Rural and Environment
Scottish Fuel Poverty Advisory Panel: Statement
Commenting on the First Minister’s commitment to further action in response to the cost crisis, Chair of the Scottish Fuel Poverty Advisory Panel Matthew Cole said:
“I welcome the Scottish Government’s recognition of the gravity of the cost of living crisis. If not addressed, this crisis, exacerbated by spiralling energy prices, will lead to undue hardship and suffering this winter. These unprecedented price rises, caused by the war in Ukraine and the fall-out from Covid, mean that Scottish households are facing a huge hike, in already exceptionally high energy prices, when Ofgem announces changes to the price cap from October.
“The Scottish Government estimates that at least 900,000 households in Scotland will be living in fuel poverty, with over 700,000 of these – almost 30% of all households – living in extreme poverty, by October. We forecast that the number of households in fuel poverty will only expand and increase as analysts suggest that prices will rise again in January.
“Action is needed now to avoid the effects of the current crisis worsening over the winter months and impacting both the quality of life and, in some cases, life itself as families ration the energy they use.
“The Panel recognises that fuel poverty in Scotland cannot be addressed by the Scottish Government alone. It urges the Scottish Government to continue making the case for the UK Government to improve immediate, targeted, mitigation of the impact of high bills by increasing financial support, and creating sustainable measures for the prevention and alleviation of fuel poverty in the future.
“The Panel commends the ambition of the Scottish Government for its strategy to tackle fuel poverty but recognises that significant changes have occurred in the eight months since it was published. The Panel encourages the Scottish Government to take all possible action to ensure that Scotland’s fuel poverty targets, set out in the strategy, can be delivered.
“The Panel is actively engaging with advice agencies, Ofgem and the energy sector to understand what will best help people experiencing fuel poverty now and in the future. It is keen to work with those with lived experience of fuel poverty, suppliers, the regulator, and governments, to mitigate immediate fuel poverty effects, and, to identify the levers which will enable resilience in the face of energy supply and the climate change challenges in both the present and the future.”

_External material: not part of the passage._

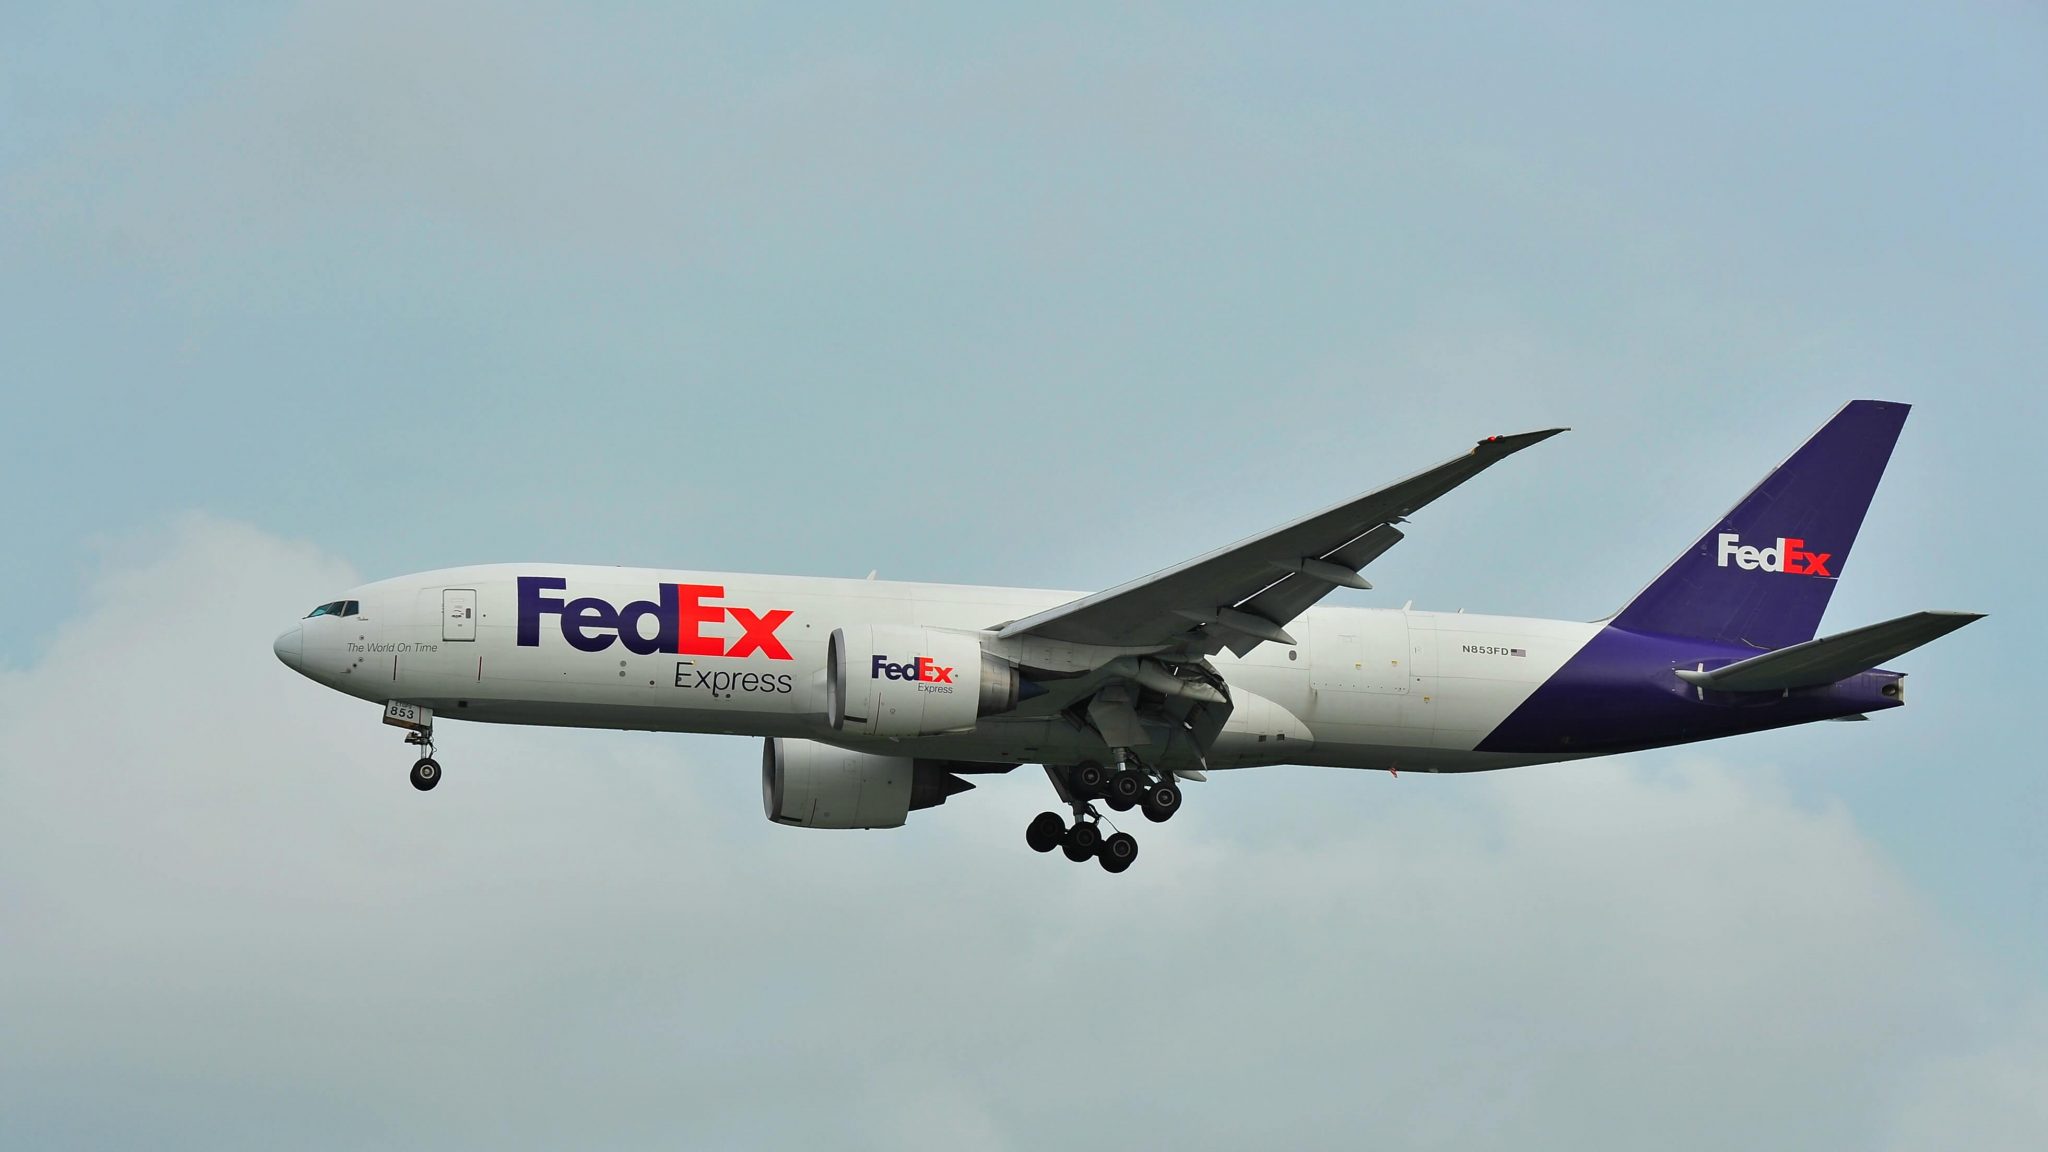 FedEx plans to ground more aircraft with decline in revenue and operating income

Further information about the Scottish Fuel Poverty Advisory Panel and the Scottish Government’s fuel poverty strategy are available on the Scottish Government website. The Fuel Poverty (Scotland) Act 2019 provides further information about Scotland’s fuel poverty targets and our definition of fuel poverty.
The Scottish Government estimates are based on Ofgem’s May forecast for the October 2022 price cap of £2,800. The energy sector is now anticipating that the price cap will be much higher than £2,800. A higher price cap will mean higher numbers of those in fuel poverty and extreme fuel poverty.